Moreover, the LSV measurements for all samples of LaMnxCo1-xO3 were carried out in order to analyze the MOR activity. LSV of all the samples in the potential range of 1.02 to 2 V are represented in Fig. 7(c). From the plots, it is clear that after the addition of 1 M methanol, there is a significant increase in the current densities after reaching an onset potential value. The onset potential values for x = 0.2, 0.4, 0.5, 0.6, and 0.8 are 1.55 V, 1.52 V, 1.65 V, 1.54 V, and 1.67 V, respectively. The early onset potential being demonstrated by the perovskite with an ‘x’ value of 0.4 indicates that a relatively lower electrode potential is required for a methanol oxidation reaction to occur. In addition, this material is also capable of reaching a higher final current density value, 33.45 mA cm−2, than those with other values of x (x of 0.2, 0.5, 0.6, and 0.8 displayed a final current density of 27.87, 18.74, 29.44, and 12.73 mA cm−2, respectively). Thus, LaMnxCo1-xO3 perovskite with x = 0.4 performs better as it showed the highest current density compared to other catalysts, consistent with the results from CV. In addition, the long-term stability of different LaMnxCo1-xO3 perovskites was examined using the chronoamperometry (CA) method, and the results are represented in Fig. 7 (d). The CA data of current density versus time was measured at a fixed potential of 1.52 V in 1 M methanol and 1 M KOH electrolyte at room temperature. A similar pattern is seen in all the catalysts, exhibiting MOR activity for more than 20 h after the initial sharp decrease in current density. This decrease was observed for all the samples until 150 s, which could be due to the adsorption of intermediates formed during the oxidation process. Thereafter, all the catalysts show a reasonably stable performance, where LaMn0.4Co0.6O3 consistently maintains a higher current density compared to other samples.
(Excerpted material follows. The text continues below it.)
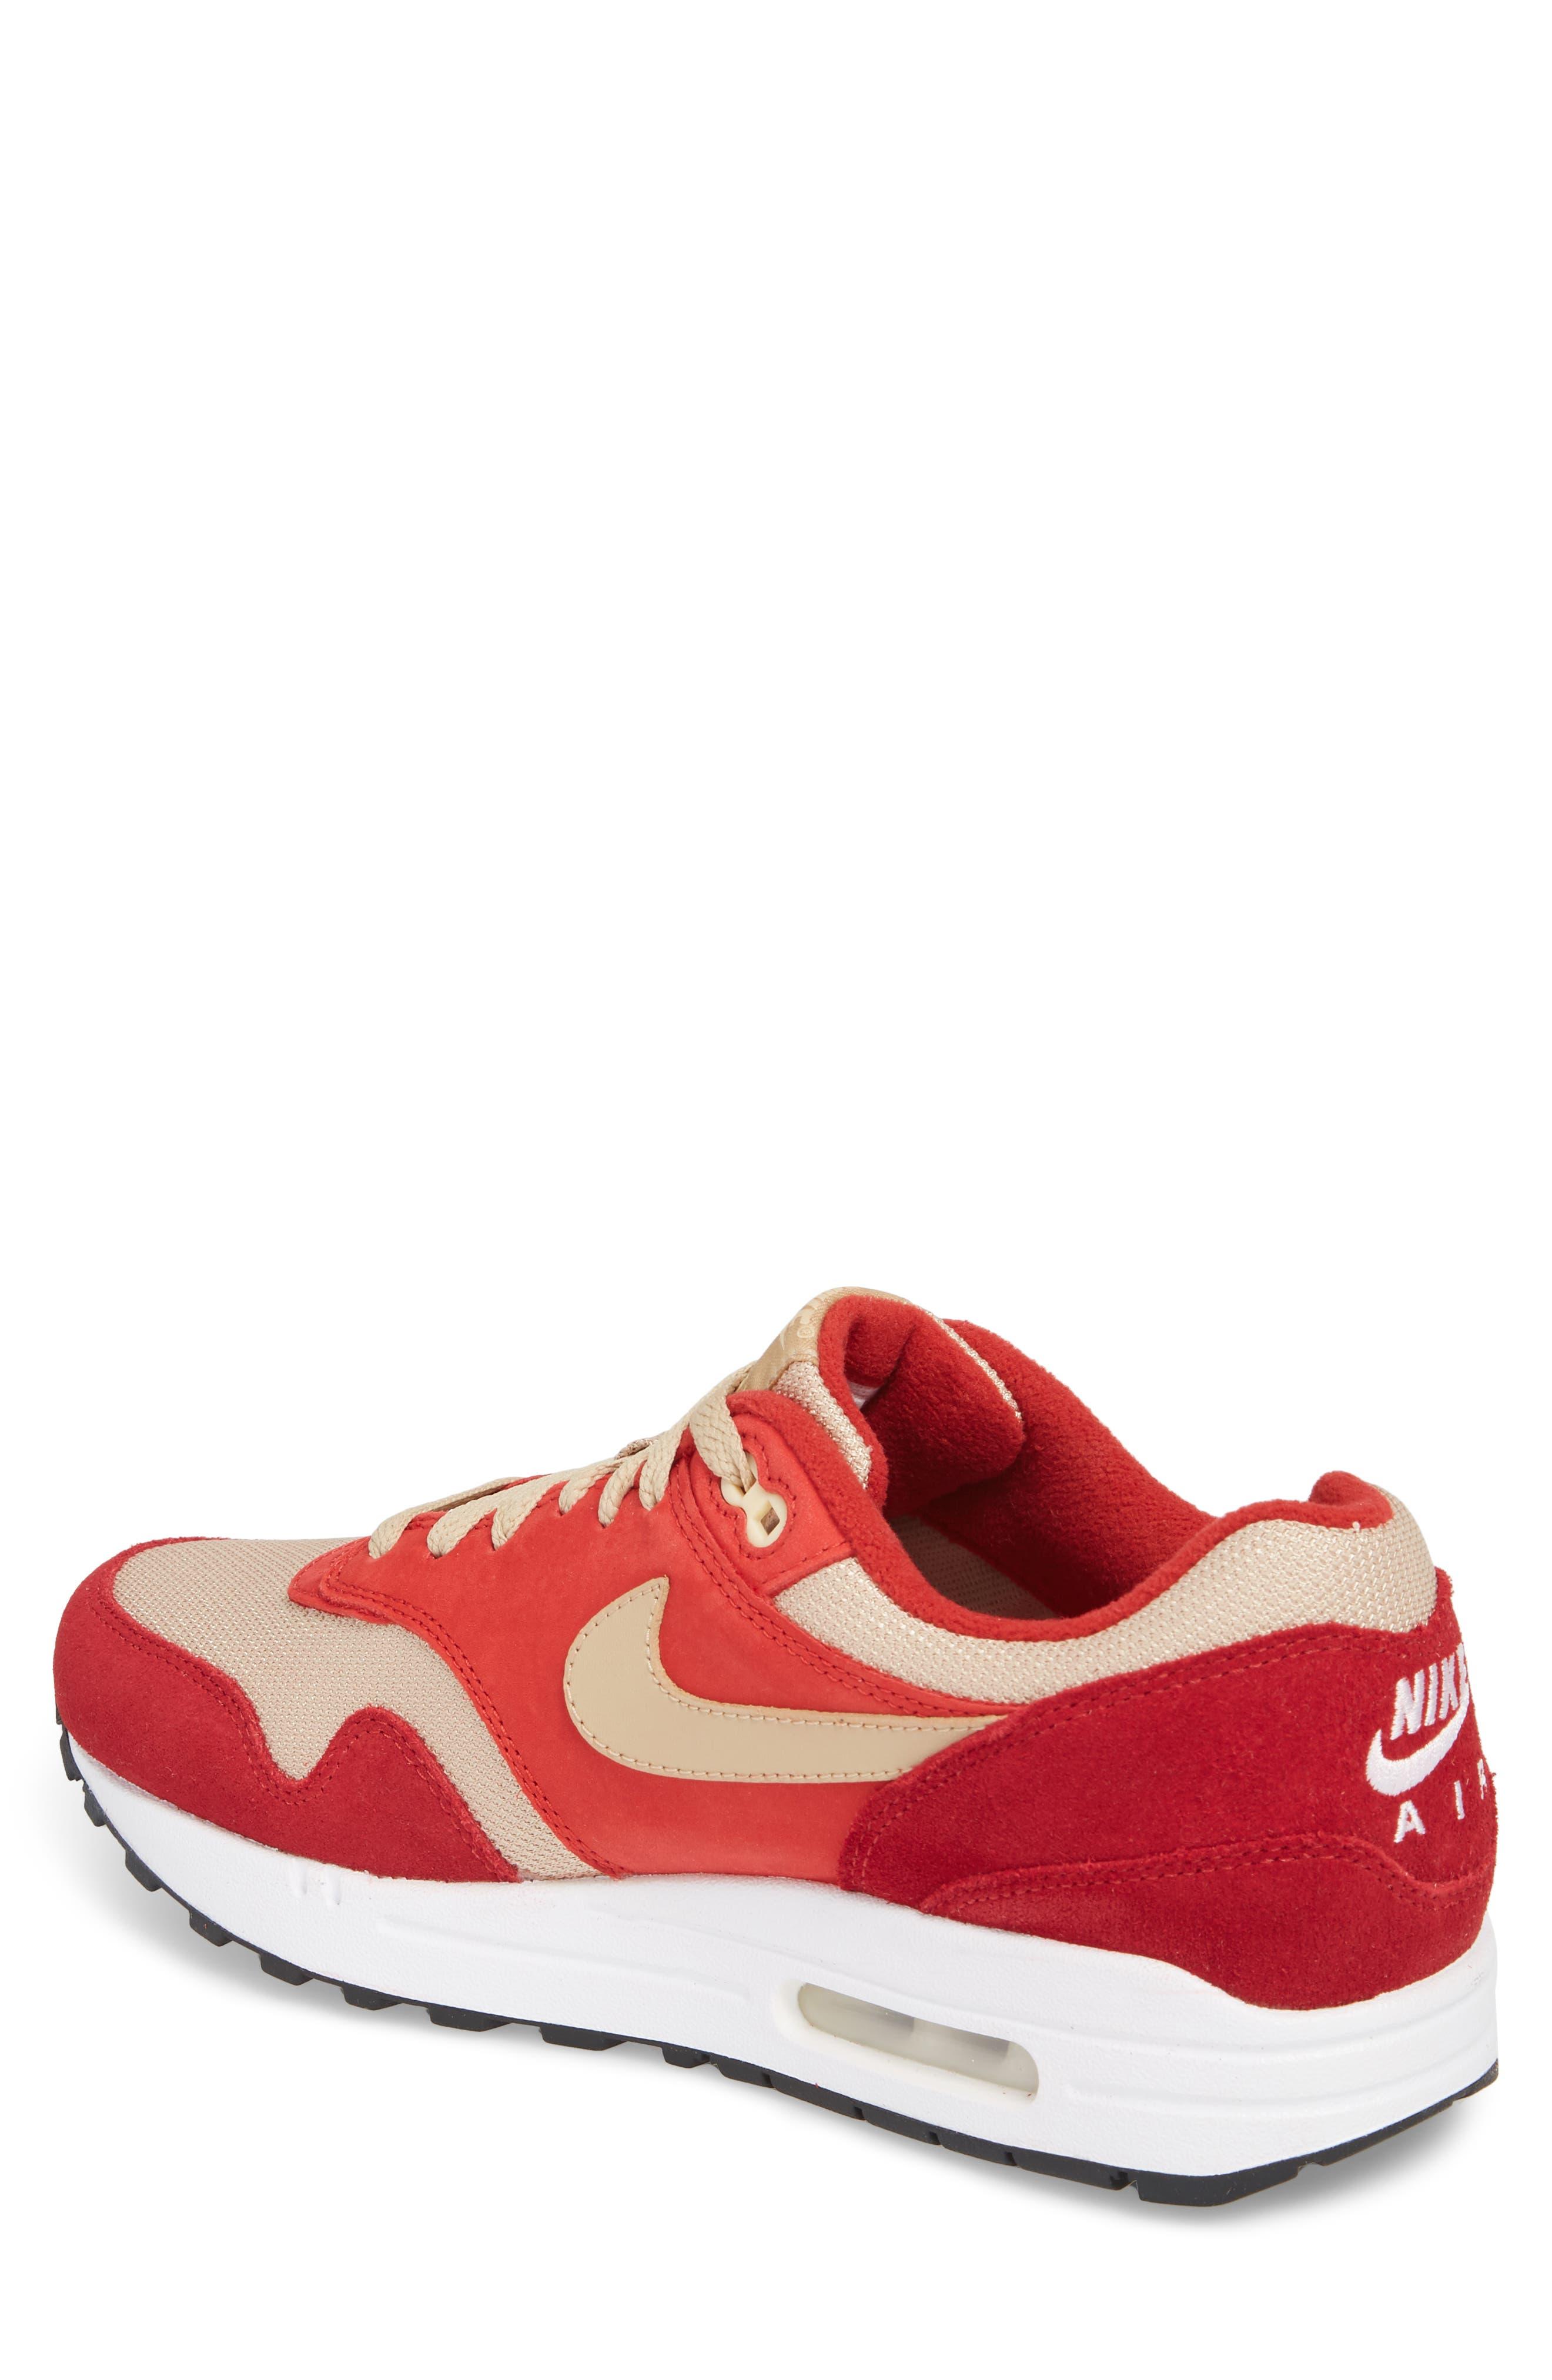 Air Max 1 Premium Retro Sneaker,                             Alternate thumbnail 4, color,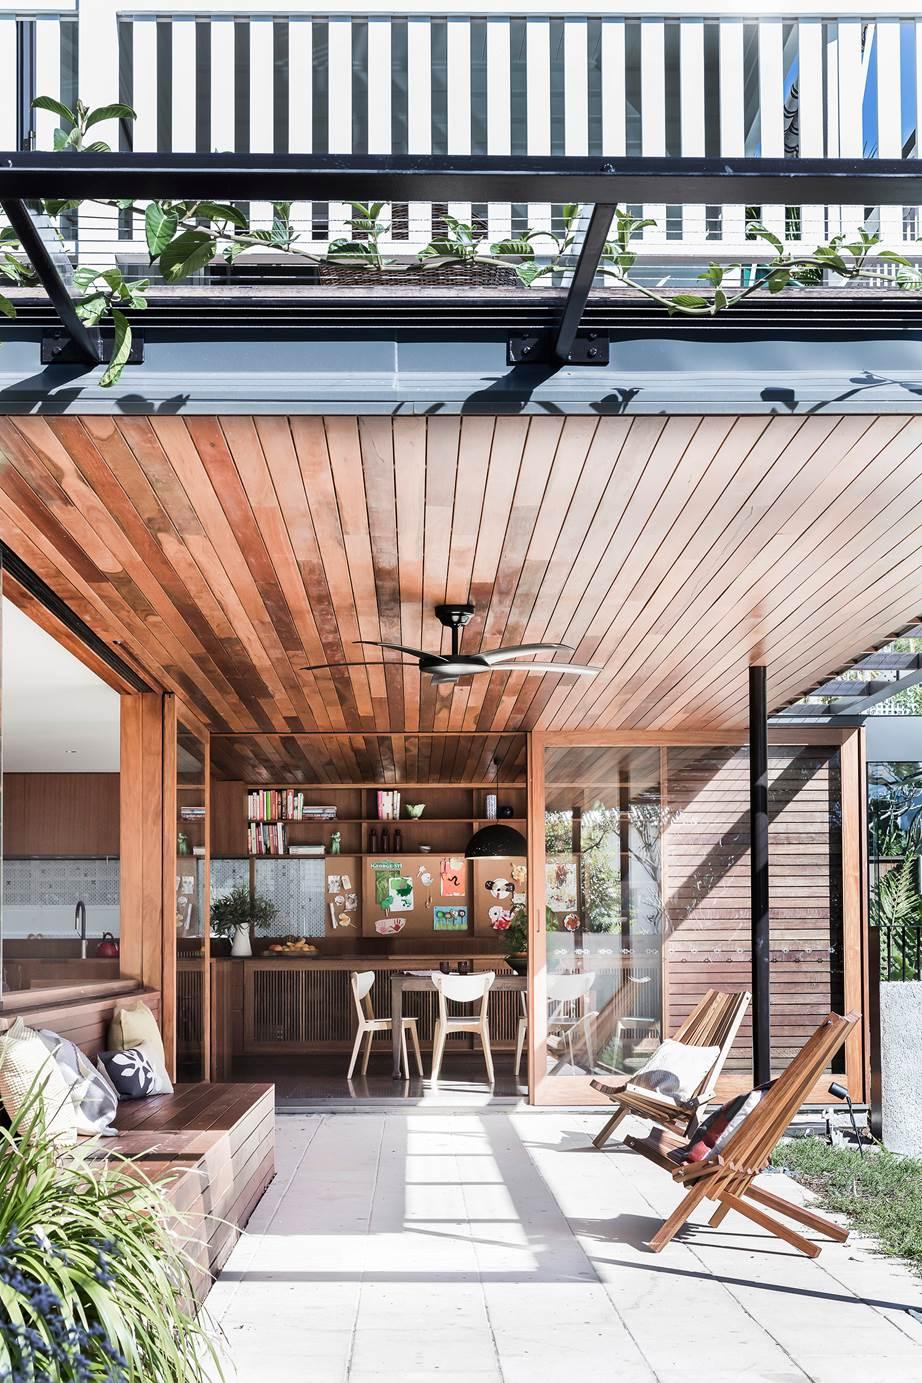 Kieron Gait Upside Down House

These results, ORR, OER, and MOR indicate the versatile nature of LaMnxCo1-xO3 perovskites for driving cathodic and anodic reactions in an alkaline medium.

Conclusions

In conclusion, lanthanum-based synthetic perovskites (LaMnxCo1-xO3 (0 ≤ x ≤ 1)) were synthesized with different ratios of Mn and Co to study their activity for ORR, OER, and MOR in an alkaline medium. The synthesized perovskites were analyzed structurally and morphologically using characterization techniques such as XRD, FTIR, SEM, TEM, and XPS. The SEM analysis concluded that all the samples have a porous structure, while the TEM with nanoscale phase analysis showed a uniform presence of La, Mn, and Co all over the sample. XRD and TEM analysis confirmed the synthesis of perovskite structure without any phase segregation, indicating a smaller crystallite size in LaMn0.4Co0.6O3 compared to other samples. XPS peak fitting of La3d, Co2p, and Mn2p peaks confirms the existence of a mixed valence state. The deconvolution of Mn2p provided a signature of having Mn3+ and Mn4+ peaks, and the composition of each oxidation states varied with the amount of Co doping. The Mn4+ and Co3+ contents are highest at higher Co doping, and studies showed the significance of having higher oxidation state toward catalytic properties. A shift in the binding energy of Co 2p and Mn 2p was observed for LaMn0.4Co0.6O3, indicating a strong interaction with the nearby atoms that resulted in enhanced electrocatalytic activity. Detailed electrochemical studies in an alkaline medium were conducted to investigate the activity and stability of the catalysts using CV, LSV, and CA techniques for ORR, OER, and MOR. The LaMnxCo1-xO3 perovskite with x = 0.4 showed the highest current density and stability compared to the other catalysts for all three reactions.